В первый же день после праздников, доложив начальству о нашей "работе", мы пригласили Твардовского в ЦК.
Встреча в отделе культуры. Перебирая гору вёрсток, Саша говорил, почему это (повесть, рассказ, статья) не может пойти в печать. Я кивал или добавлял какую-то реплику, делал замечание, что должно было выражать согласие моего отдела с мнением отдела культуры.
Твардовский вначале горячился и возражал, предлагая сокращения и исправления. Из разговора было видно, что он не только хорошо знает материал, но и сам его редактировал. Это касалось знаменитых новомировских статей, которые после выхода каждого номера "будоражили общественное мнение" и "дурно влияли на интеллигенцию".
Но скоро Александр Трифонович стал терять интерес к нашим суждениям, явно ожидая конца разговора. Когда Саша завершил его, положив перед Твардовским отобранные материалы, Александр Трифонович вдруг устало и спокойно спросил:
— Всё? — И, не дожидаясь ответа, сердито добавил. — Эх, ребята. Не ведаете, что творите…
Поднялся, молча сунул свою крепкую, пухлую руку сначала Саше, потом мне и резко пошёл к двери.
Галанов поспешно зашкандыбал на своей раненой ноге за ним и нагнал его уже на выходе из здания, где отметил его разовый пропуск.
Насколько я помню, это была его последняя встреча в ЦК по поводу задержанных в Главлите материалов "Нового мира". Теперь сюда приходили только его замы. Сам же он аккуратно являлся только на совещания, молча выслушивал доклады, тяготился, когда слово предоставлялось двум-трём главным редакторам. Это были, как всегда, "Правда", "Известия", "Советская Россия". И, ни с кем не вступая в контакт, молча уходил.
Вспоминается ещё одна встреча в редакции "Нового мира". Мы, кураторы из ЦК, должны были присутствовать на отчётно-выборных собраниях в наиболее значительных и "сложных" изданиях. Я появился минут за двадцать в кабинете редактора.
В творческих коллективах на таких собраниях присутствовали все сотрудники, и только когда начинаются выборы парбюро, некоммунисты покидают зал.
В кабинете у Твардовского его замы: Дементьев, кажется, Лакшин и ответсекретарь Миша Хитров, он только что пришёл в журнал из "Известий".
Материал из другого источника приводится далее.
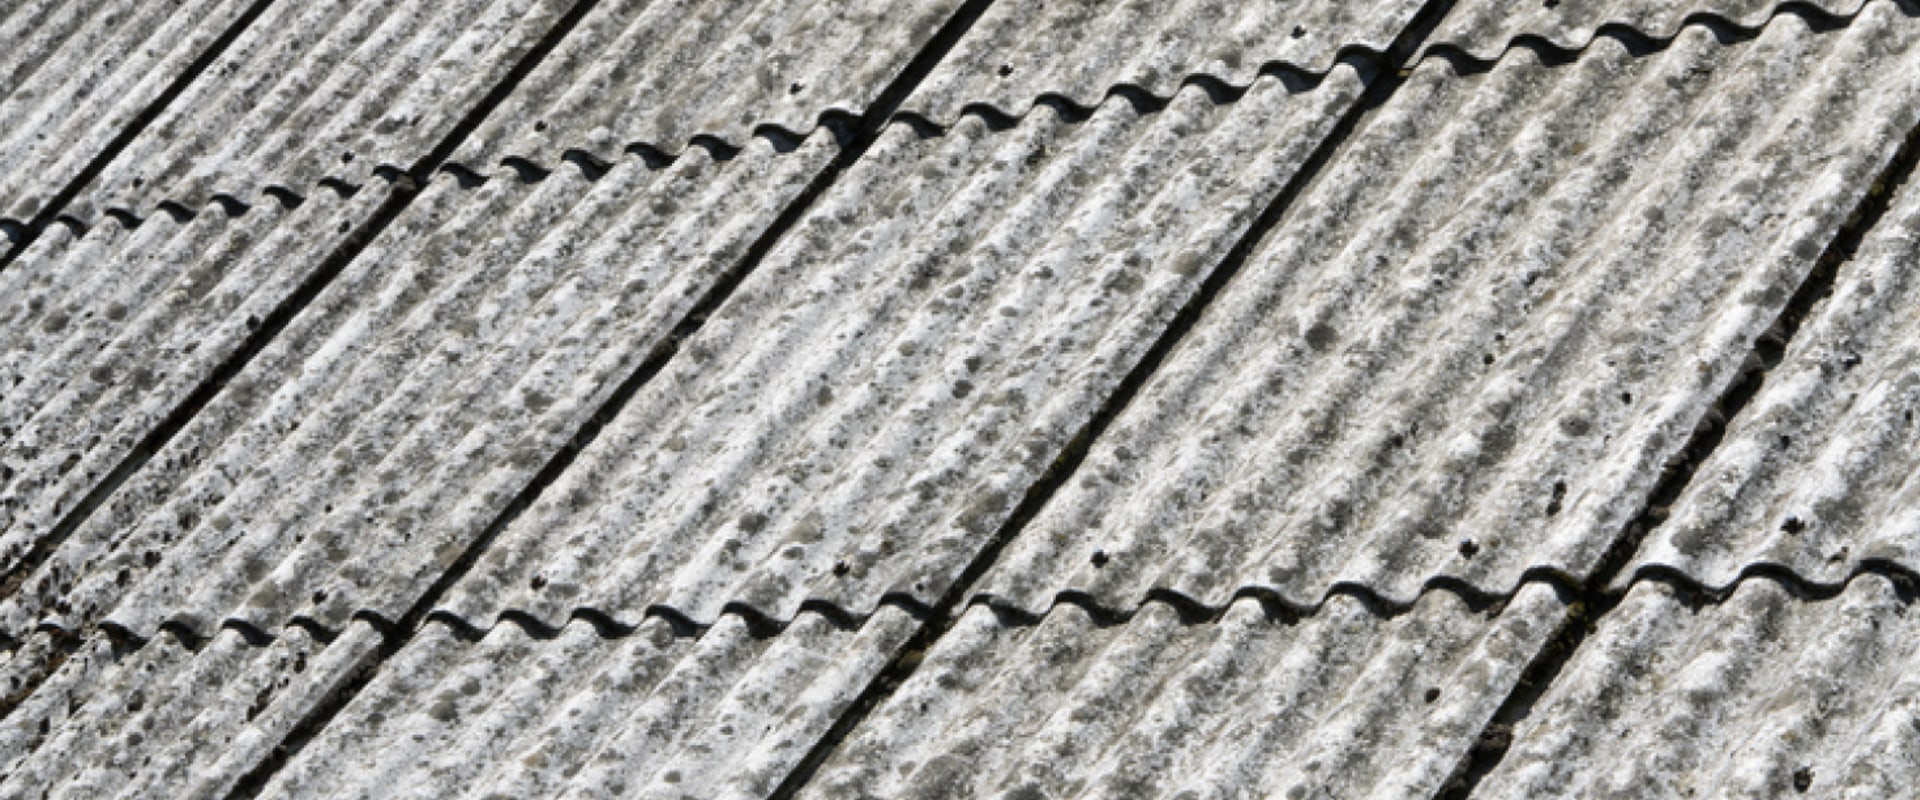 How long can you leave roofing felt exposed?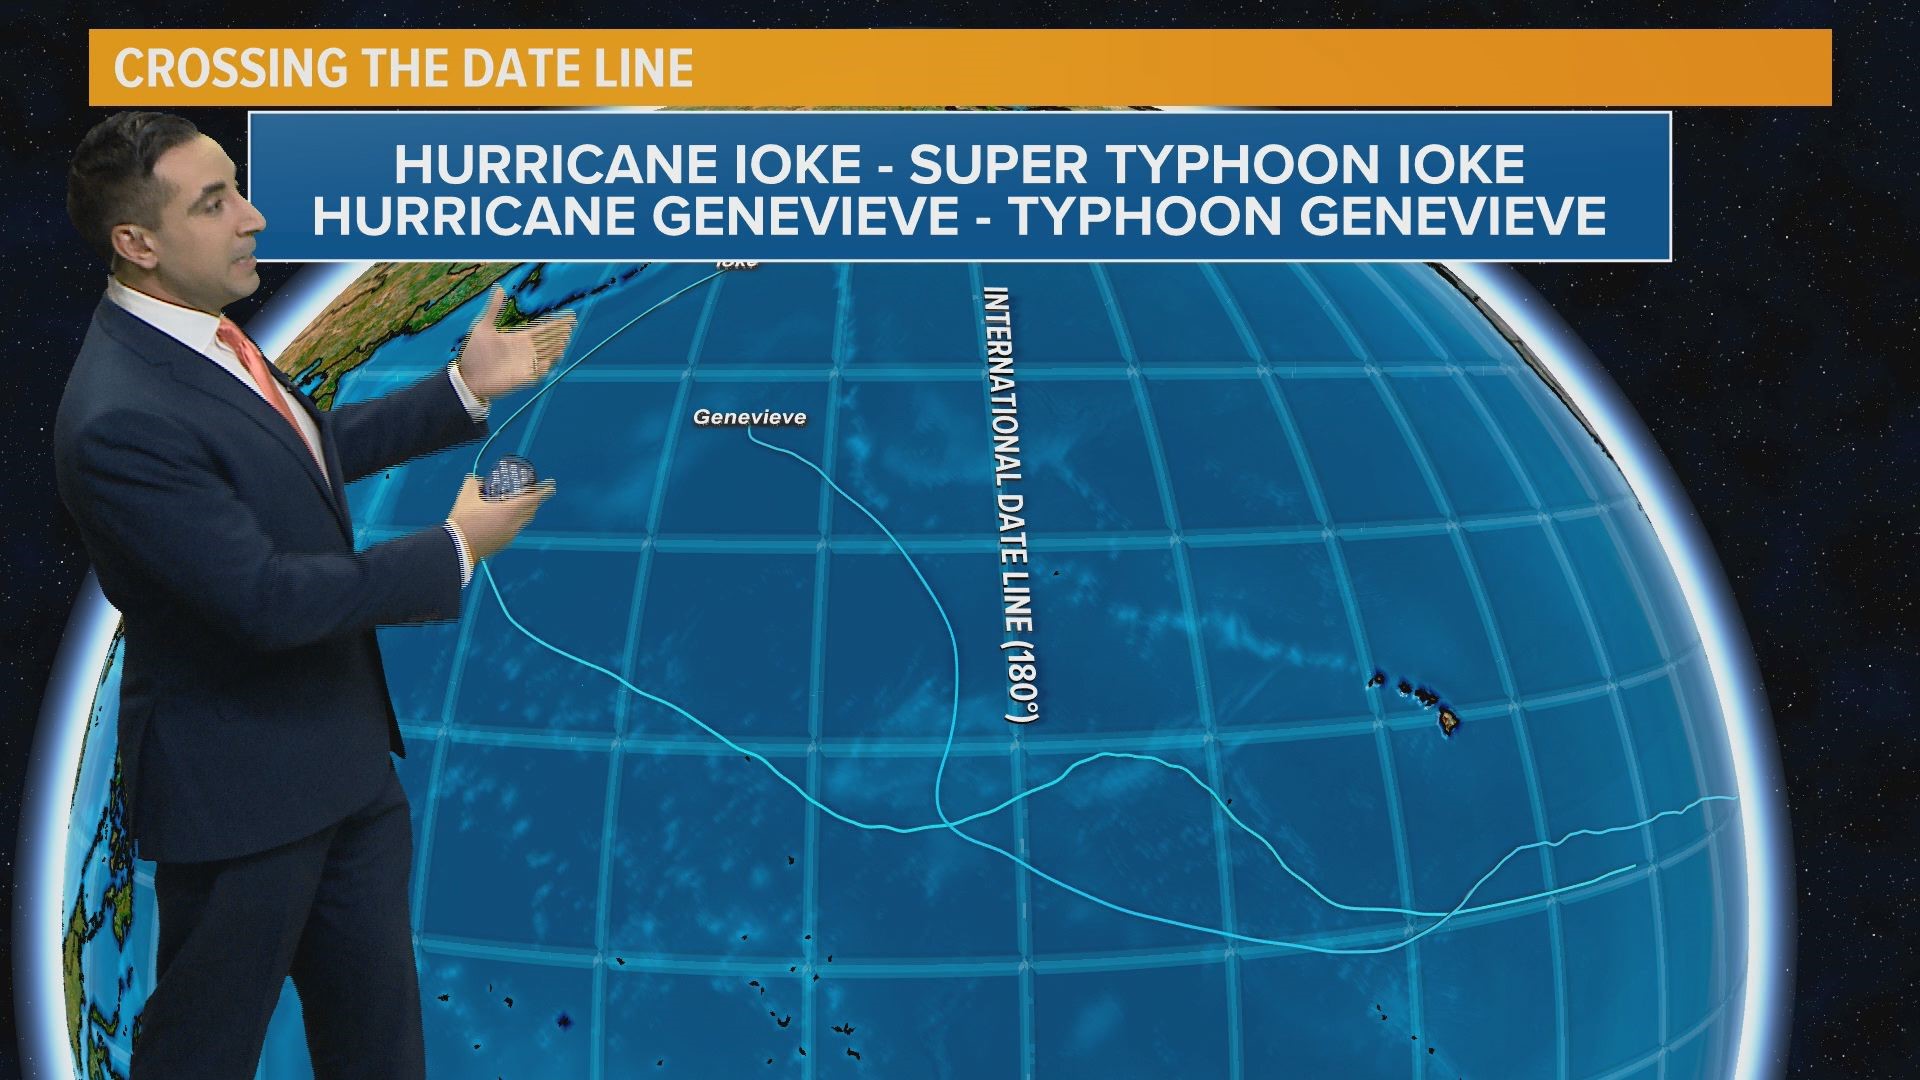 13News Now meteorologist Tim Pandajis on the difference between a hurricane and a typhoon.

В дверь врывается поэт Егор Исаев. Делает он свои визиты всегда шумно, напористо, низвергая неостановимый поток слов.
— Трифонович! Написал настоящие стихи. И прямо к тебе. Слушай!
И начинает читать, сотрясая воздух. Александр Трифонович морщится и как-то виновато обводит взглядом всех в кабинете, будто ища защиты. Потом, посуровев лицом, обрывает поэта.